Exercise objective
Would you repeat word for word the lines of the listing that follows, from the one with "Samsung 4K UHD TV" up to and including the one with "guardia-civil-ceuta-grs-usecic-2", and leave out the images?

[Opening Data for this task section]

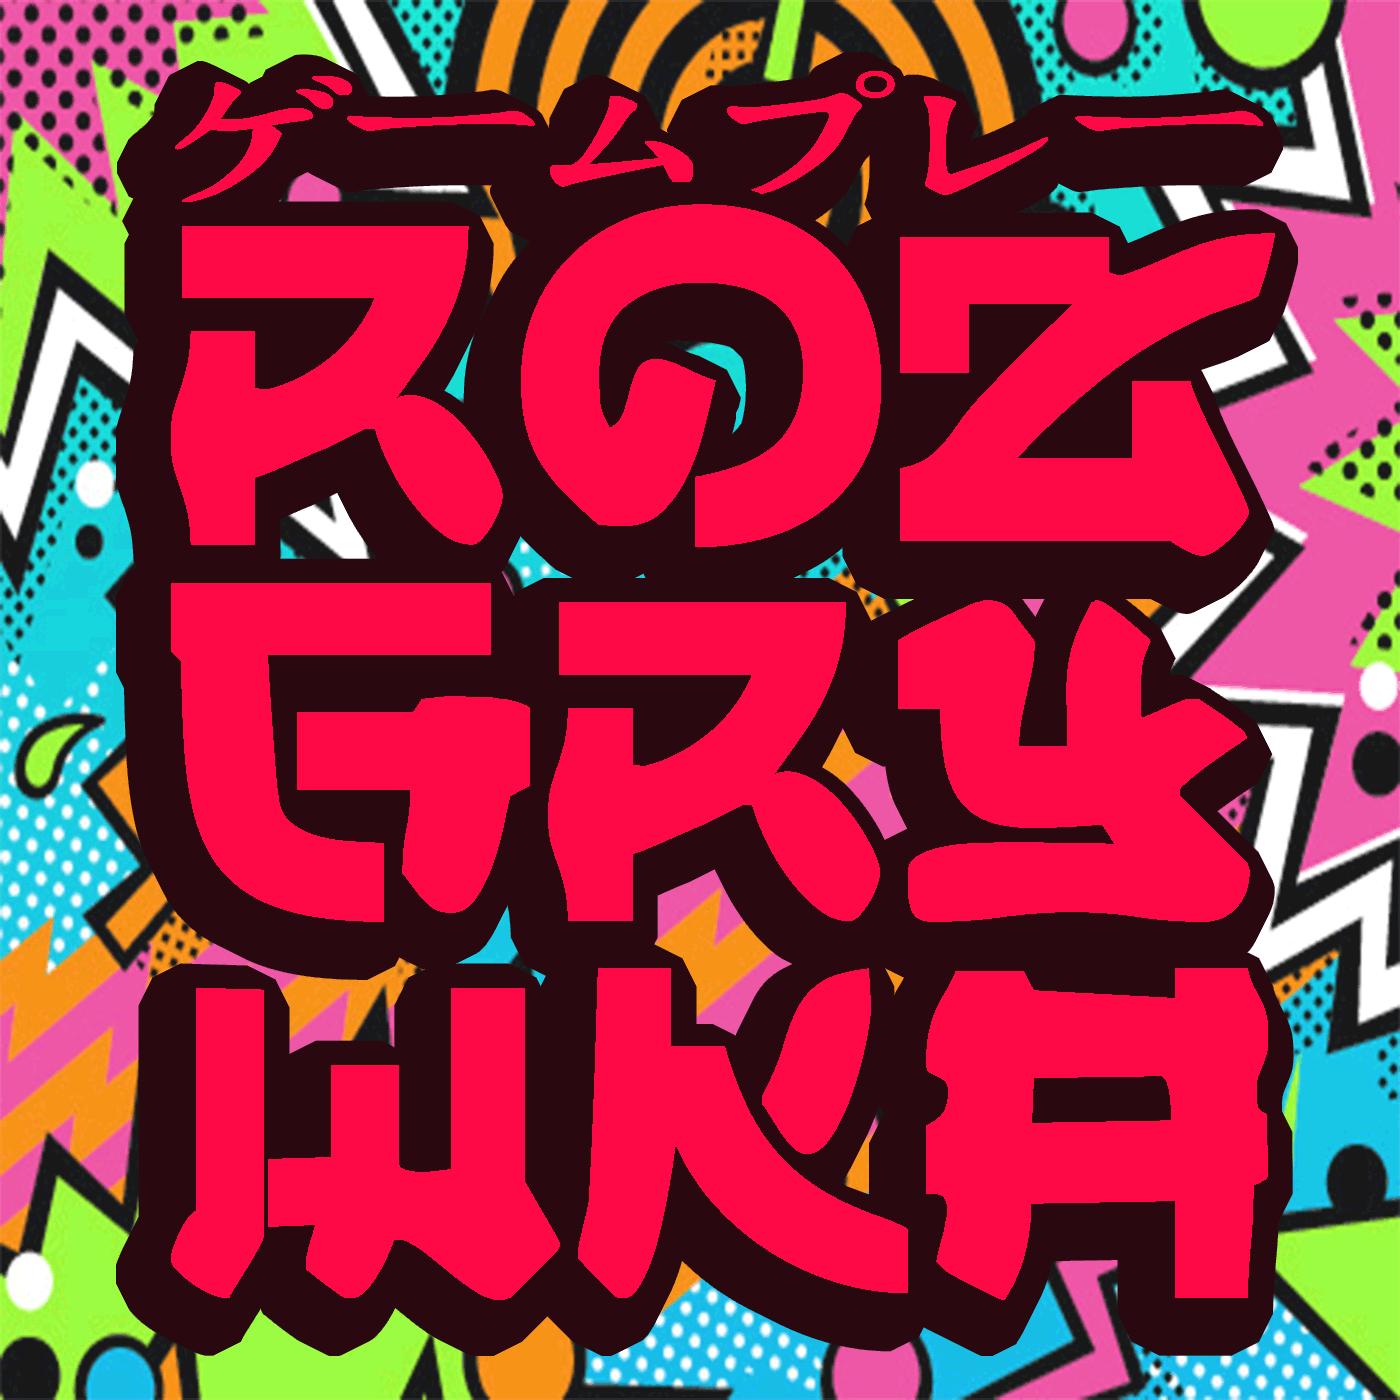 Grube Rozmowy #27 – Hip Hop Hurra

[Closing Data for this task section]
[Opening Data for this task section]

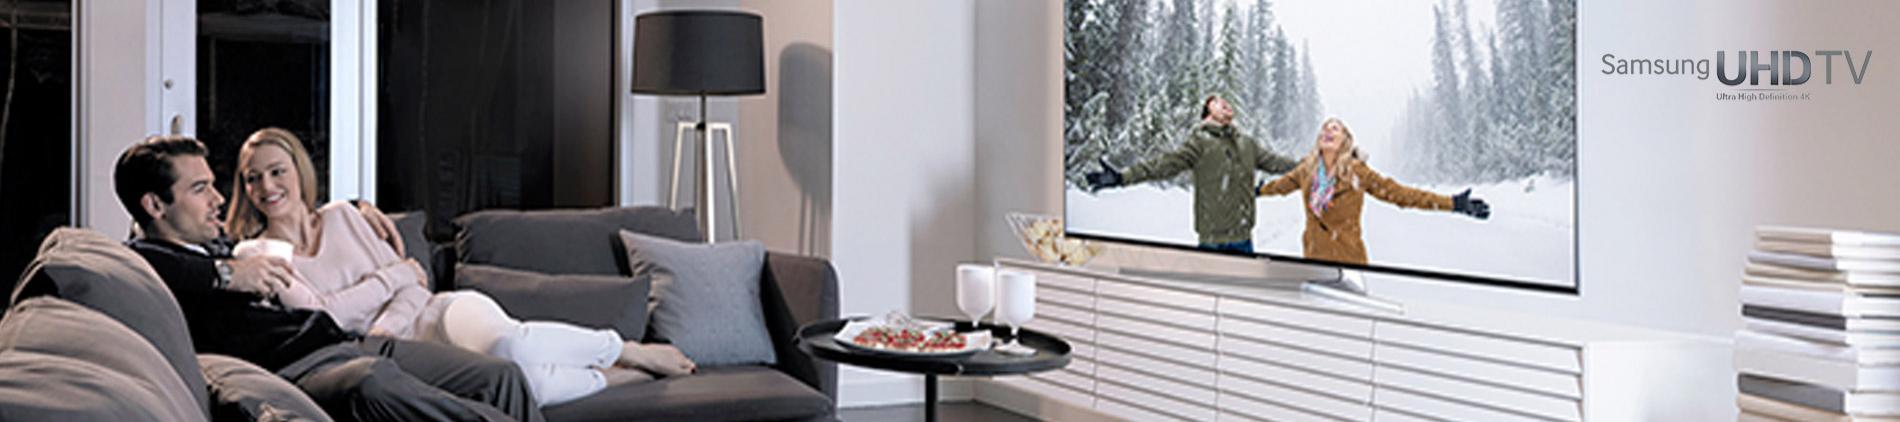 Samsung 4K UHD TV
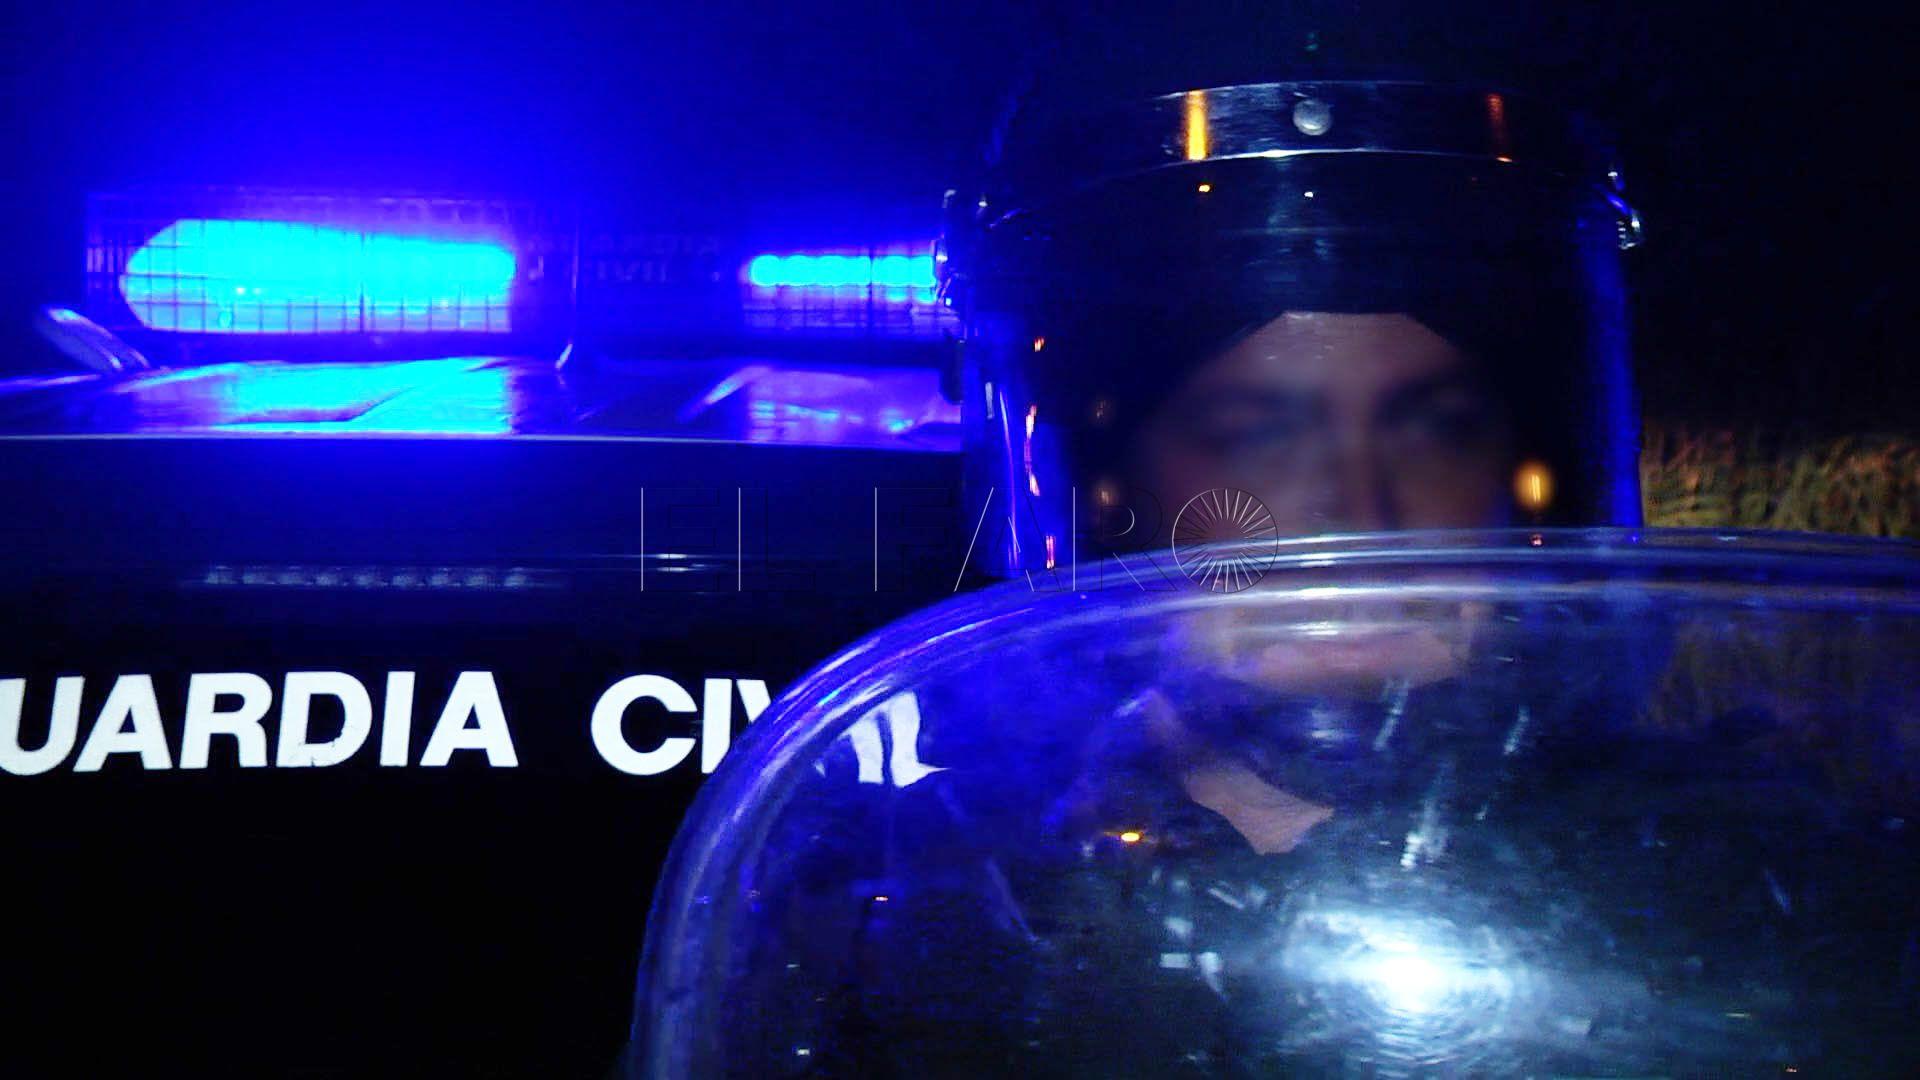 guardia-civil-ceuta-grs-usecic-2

[Closing Data for this task section]

Solution to this task
 Samsung 4K UHD TV
 guardia-civil-ceuta-grs-usecic-2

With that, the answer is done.